The brilliance of the work was recognized at once. It went on exhibit in London in May of 1889, at the New Gallery. The critic for the London Times said that to stand before it was “to enter a new world altogether.”
The painter has deliberately chosen a costume which taxes his power to the uttermost … and a moment when the intensity of the emotions displayed might well daunt the boldest attempt in art to realize them. … The face is pallid as death and on it the artist has striven to express the meeting point and clash of two supreme emotions of ambition and of the sense of crime accomplished and moral law thrown down.
It was, said The Times, certain to be the most discussed painting of the year, and “without exception the most ambitious picture of our time.”
CHAPTER FOURTEEN
AU REVOIR, PARIS!
But coming here has been a wonderful experience, surprising in many respects, one of them being to find how much of an American I am.
—AUGUSTUS SAINT-GAUDENS
I
No particular notice was taken of the small elderly gentleman strolling with the younger woman on the rue de la Paix and in the garden of the Palais Royal. No heads turned, no one responded to his characteristic smile with a sign of recognition.
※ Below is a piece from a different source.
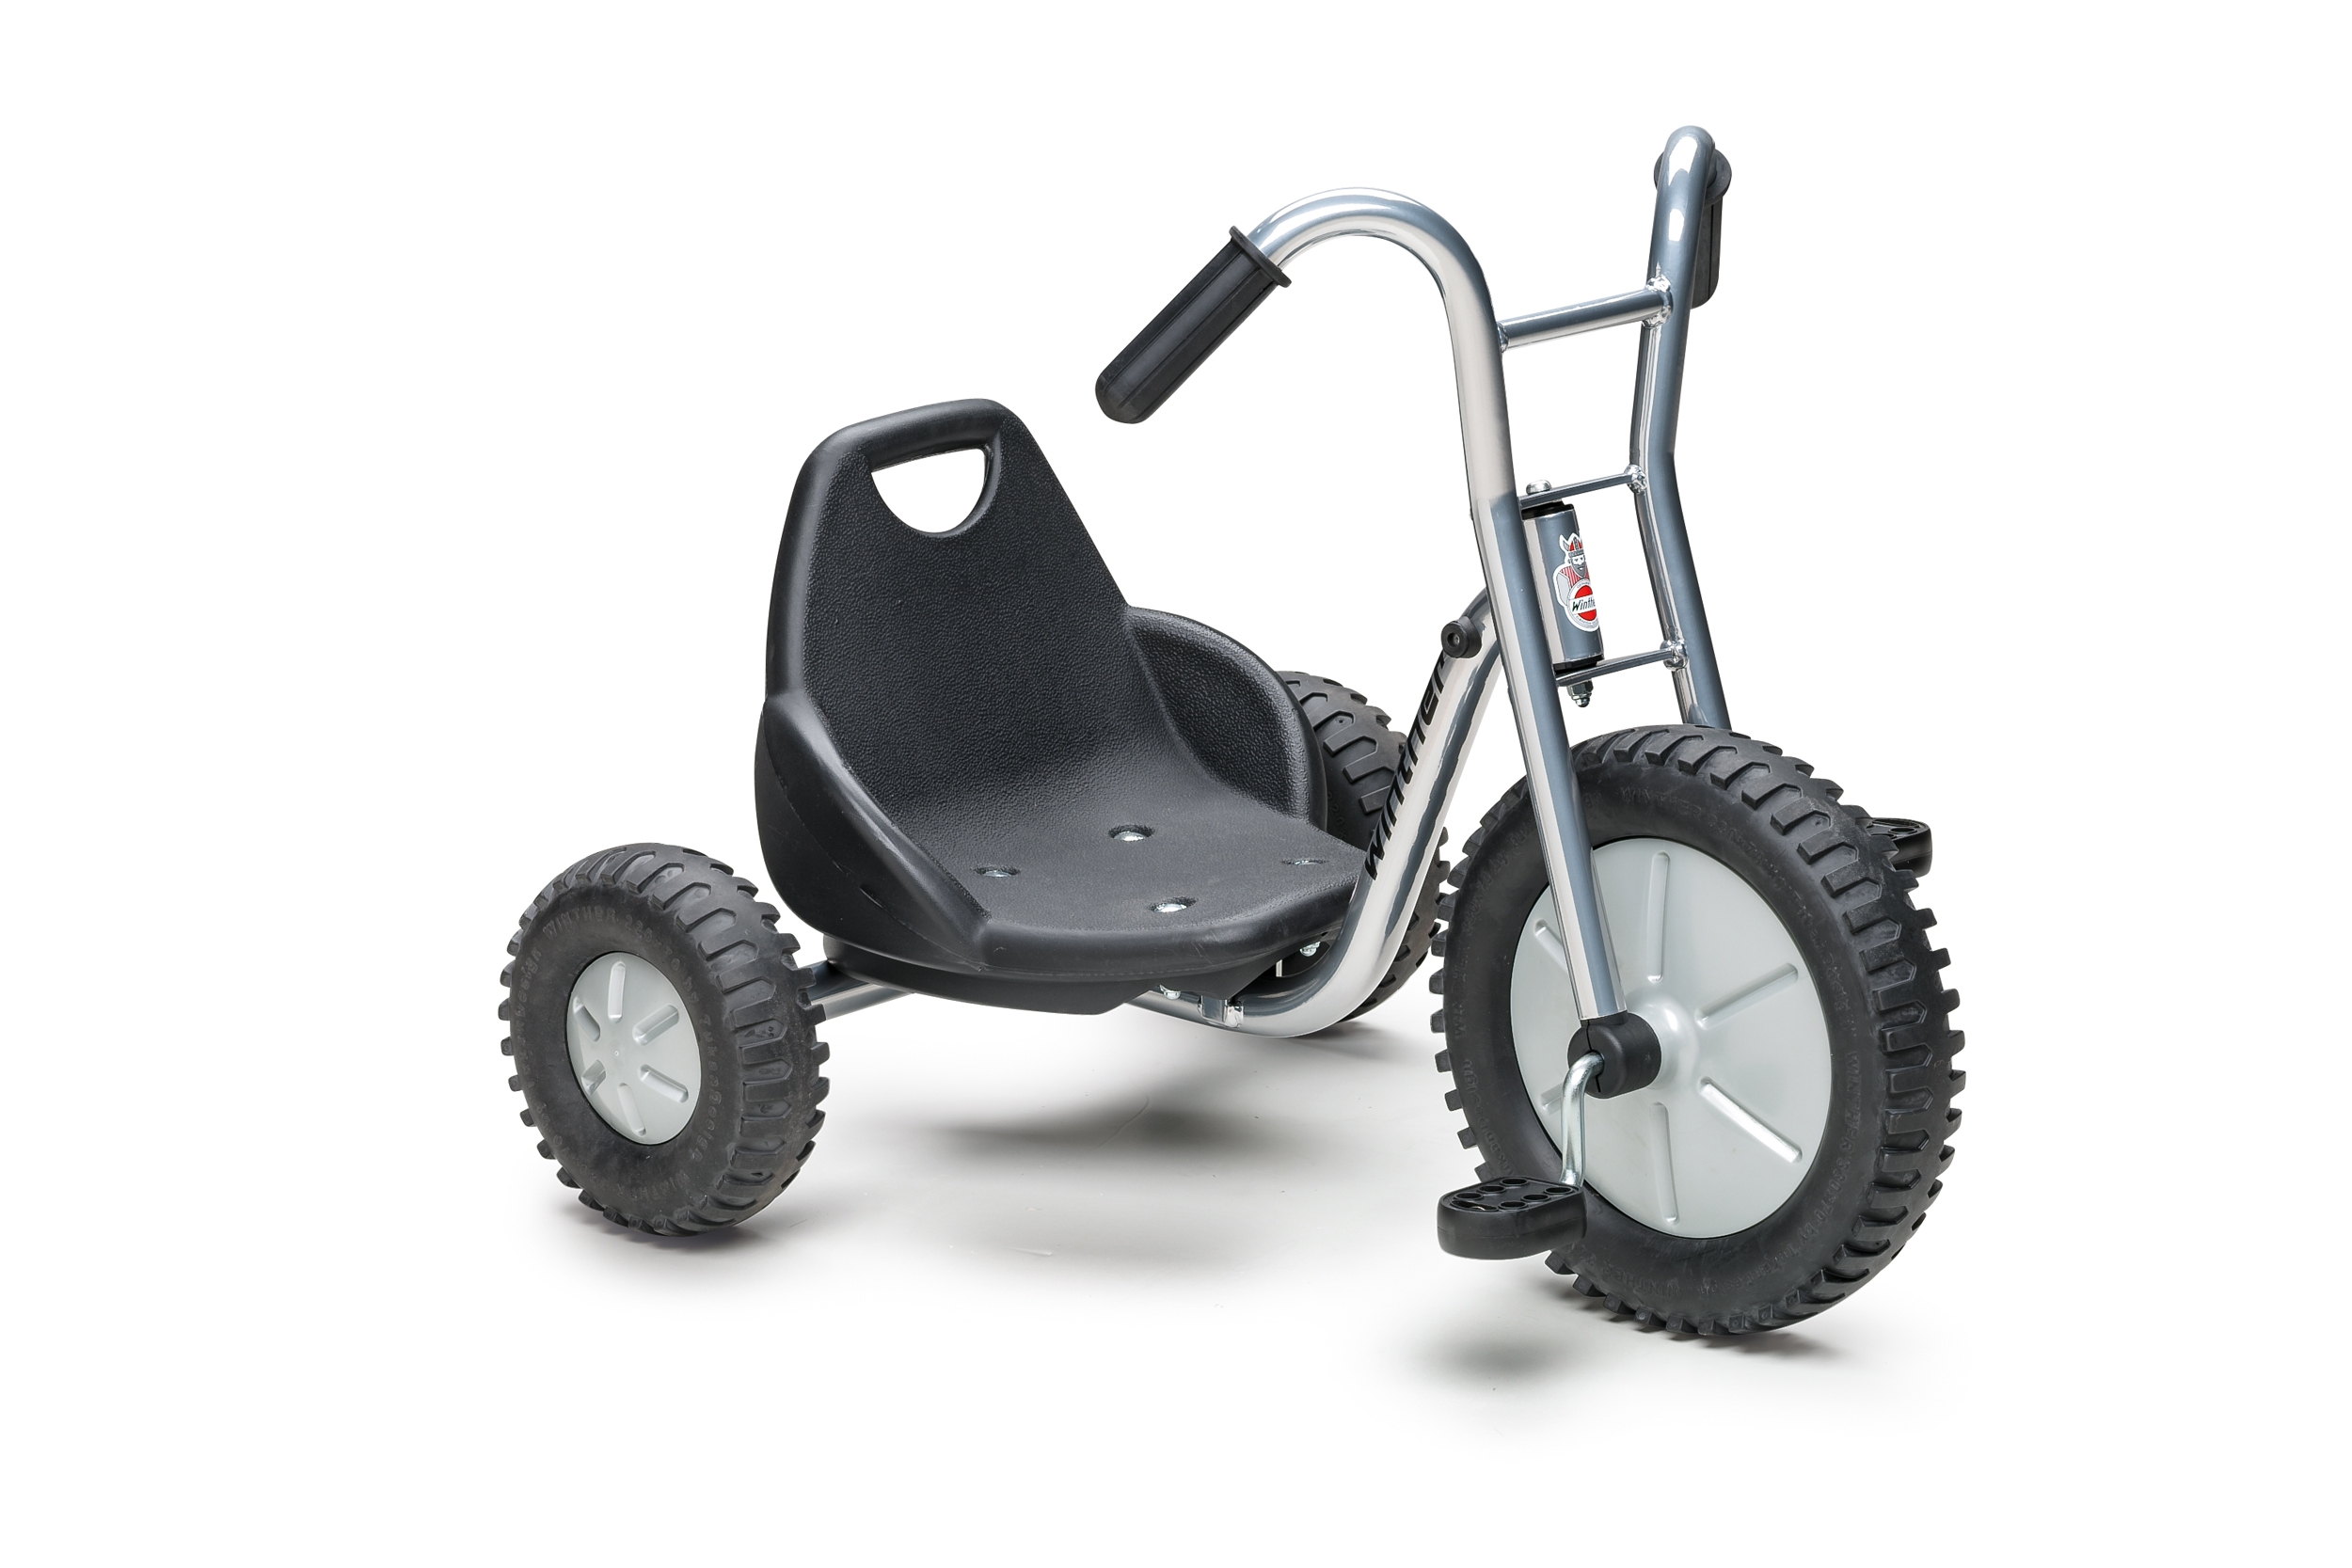 Winther Viking Explorer "OFF-ROAD Easy Rider"

At home in Boston everybody knew who he was. In London in recent weeks, he had been a center of attention at grand dinners, warmly greeted by the prime minister, dukes and earls and literary notables like Robert Browning and Oscar Wilde. He had been given a party by the Royal College of Surgeons and received honorary degrees from all three of Britain’s greatest centers of learning: Oxford, Cambridge, and Edinburgh.
But in the Paris he so loved, he knew “not a soul” and no one knew him. As he would write, “Our most intimate relations were with the people of the hotel,” and given his amiable outlook, this was perfectly acceptable.
At the peak of summer 1886, seventy-seven-year-old Oliver Wendell Holmes, Sr., had returned to Europe accompanied by his widowed daughter, Amelia, on what he called a “Rip Van Winkle experiment,” a trip he had long promised himself. Fifty years earlier, he had left the France of Louis-Philippe and François Guizot. Now nearly all his Boston comrades from those earlier Paris days, his fellow “medicals,” fellow poets and authors, were gone. Mason Warren, Charles Sumner, Ralph Waldo Emerson, even Thomas Appleton and Henry Longfellow, were all dead. Of those close companions who had sat with him through lectures by Dupuytren or followed the legendary Dr. Louis on his hospital rounds, only Henry Bowditch remained.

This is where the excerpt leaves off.